False Starts and the Art of Renewal
Beginnings tend to be messy: ask anyone who’s ever given birth, tilled the soil, sculpted, composed, or built something to last. By their nature, beginnings tend to begin unformed and void, at first dark and uncertain, then haltingly lurch toward something-ness.
Each year, Jews recycle Torah and begin its reading anew. This week we again start at the very beginning (a very good place to start), with the story of Genesis – creation, unformed and void, dark on the face of the deep, light, goodness, evening and morning, time and space, sun and moon, life and death, humanity, a garden with two special trees, an apple, a showdown, an expulsion…. The story is mother’s milk to theology itself. Except for cosmologists embracing the Big Bounce rather than the Big Bang Theory of Everything, we can understand Genesis as a pre-scientific (or extra-scientific) theology of beginning-ness.
If we look closer, however, we see that the Biblical creation starts with a false start – and maybe more than one. Torah’s first chapter recites a first creation, but then Torah’s second chapter tantalizingly suggests a second creation story. The first story posits six days of creation; the second story just one day. The first story evolves humanity at the end of the creation narrative; the second story creates humanity upfront before plants. The first story chronicles humanity’s creation equally in both male and female form, both in the divine image; the second story creates first a male and then a female from the male’s side.
Torah’s creation story is a mess. Biblical exegetes ascribing to the Documentary Hypothesis reason that the Genesis narrative must combine two separate tellings, by two separate narrators, redacted and mushed together into our codified Torah. Creation sure is a messy business.

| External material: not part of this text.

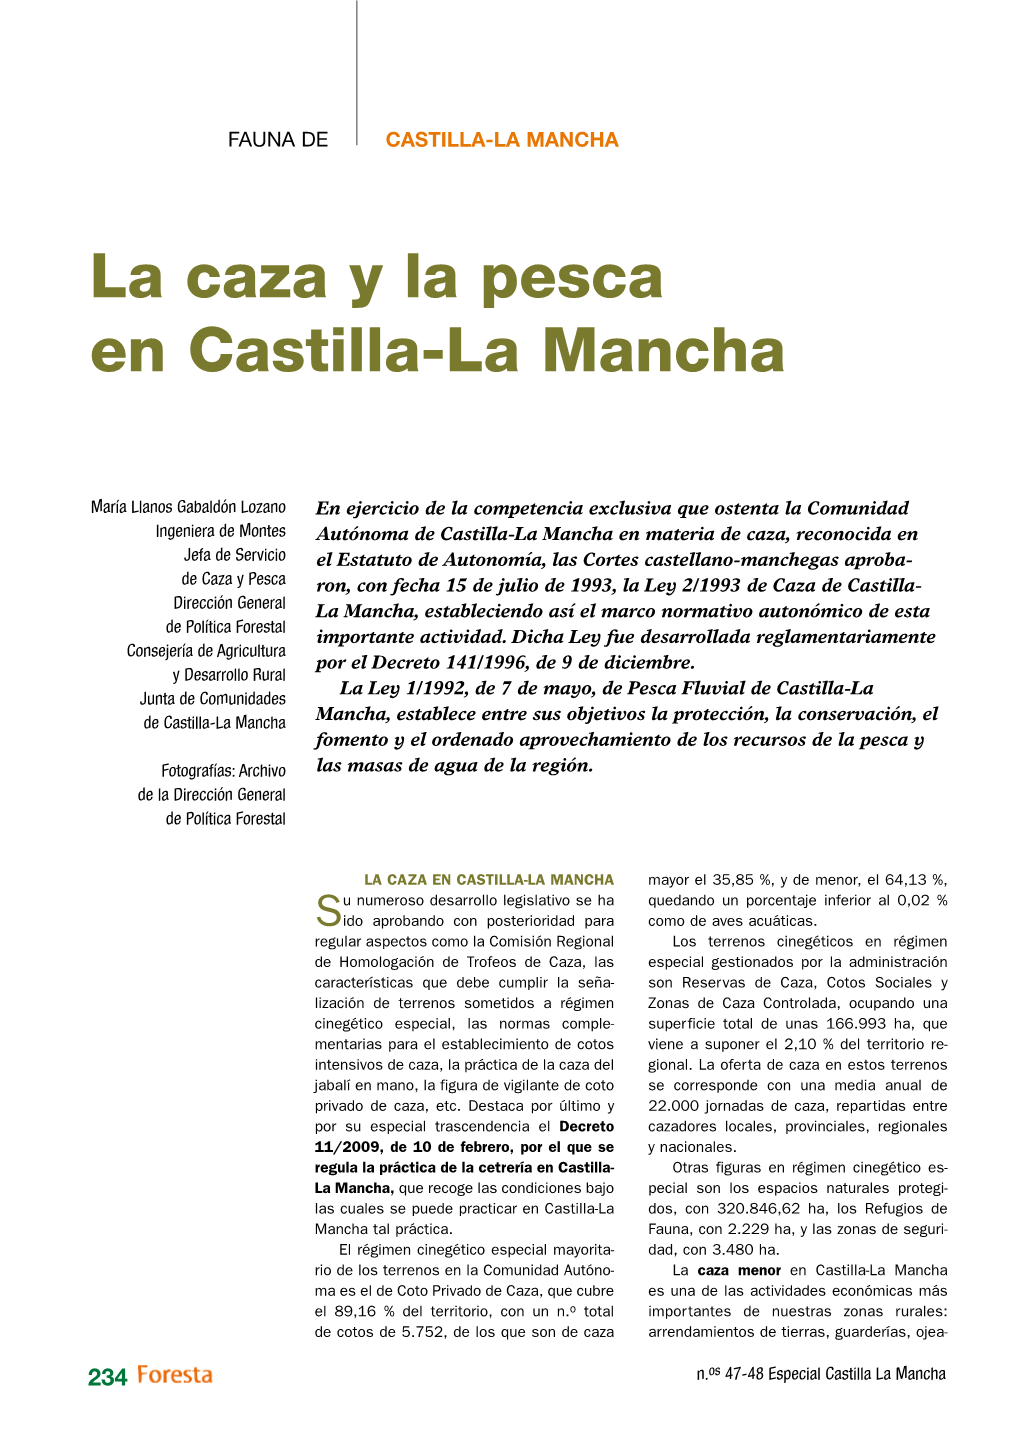 La Caza Y La Pesca En Castilla-La Mancha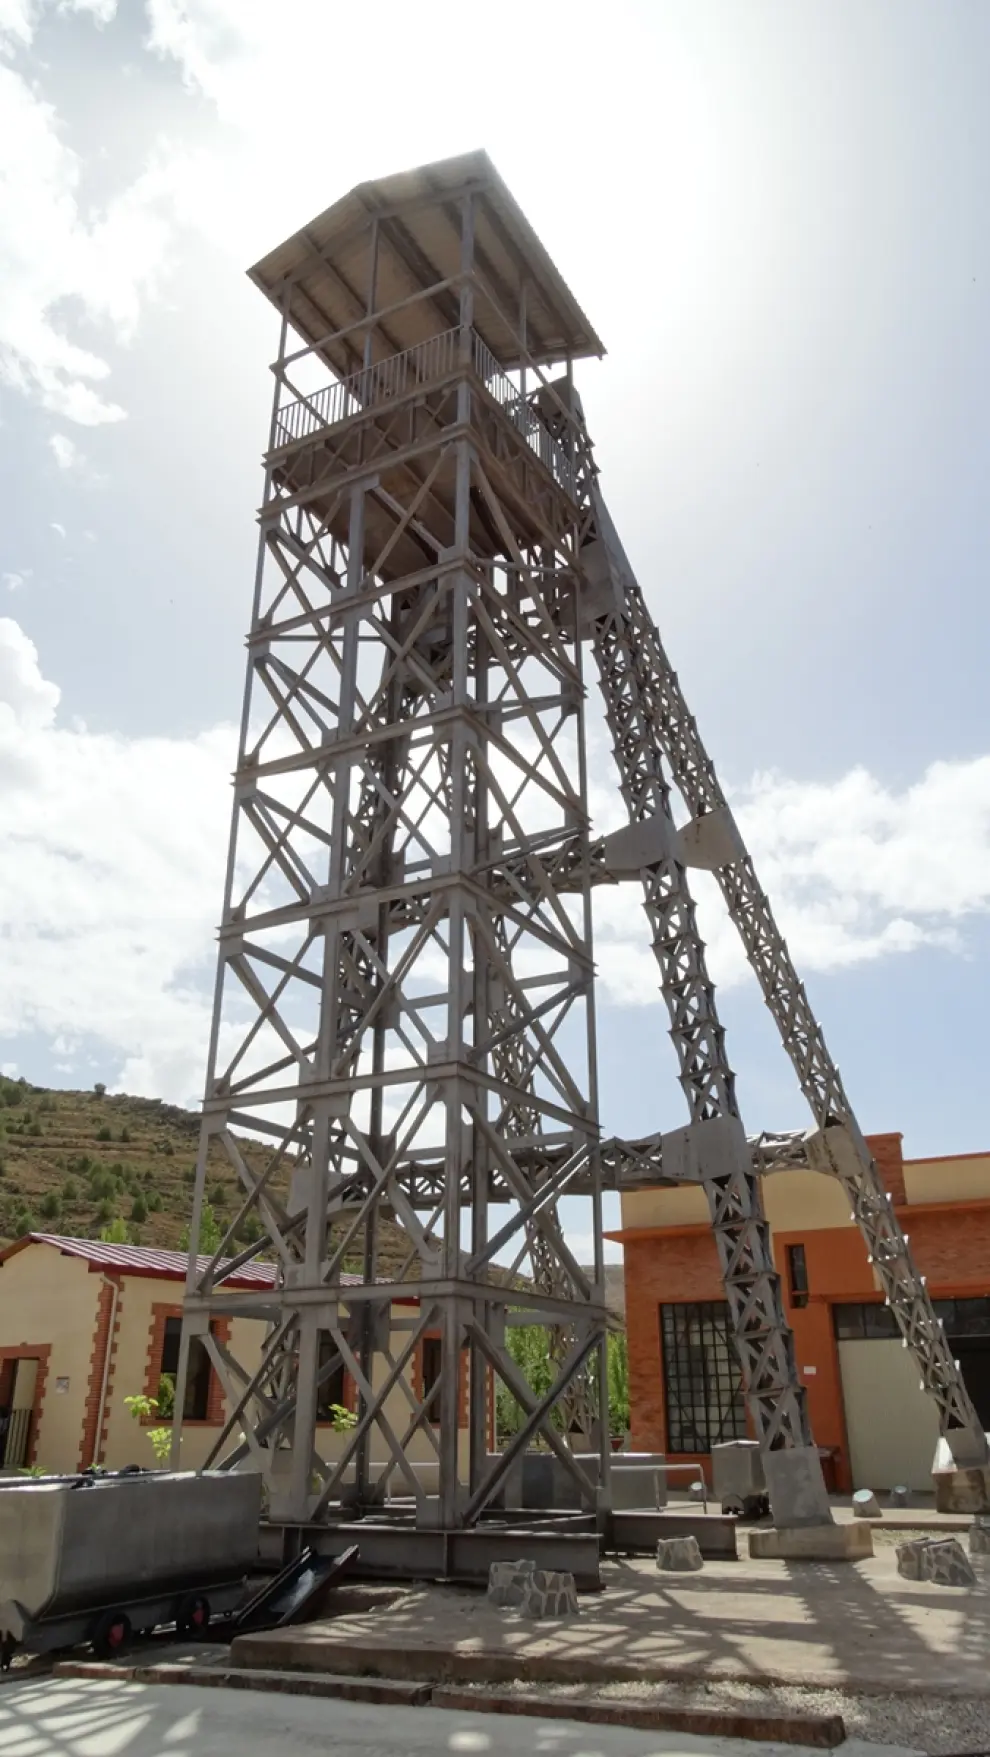 Parque Temático de la Minería de Utrillas

There’s more. Jewish mystics imagine not two creations but seven (Zohar 1:24b). And why not? If there could be two creation stories, and if creation can be wiped out later (tune in next week forNoah and the Flood), then why not more? Better yet: why not imagine that creation happens each instant? So teaches quantum mechanics, which aligns with traditional Jewish morning liturgy that praises the force “that in goodness constantly renews the work of creation.”
We may never fully unlock the secrets of the universe: there’s plenty of Jewish wisdom that counsels us mere mortals not to try (Talmud, Chagigah 14b). But as to what we ourselves create, we have an important choice to make. We can deem our creations made once, over and done; or we can choose to scrap some of them and start over. Or, we can see each moment literally as pregnant with possibility, a whole universe waiting to unfold by our attitude, word and deed. Which one we choose will shape the kind of creators we are and can become, and with it our own human power to renew our world for good.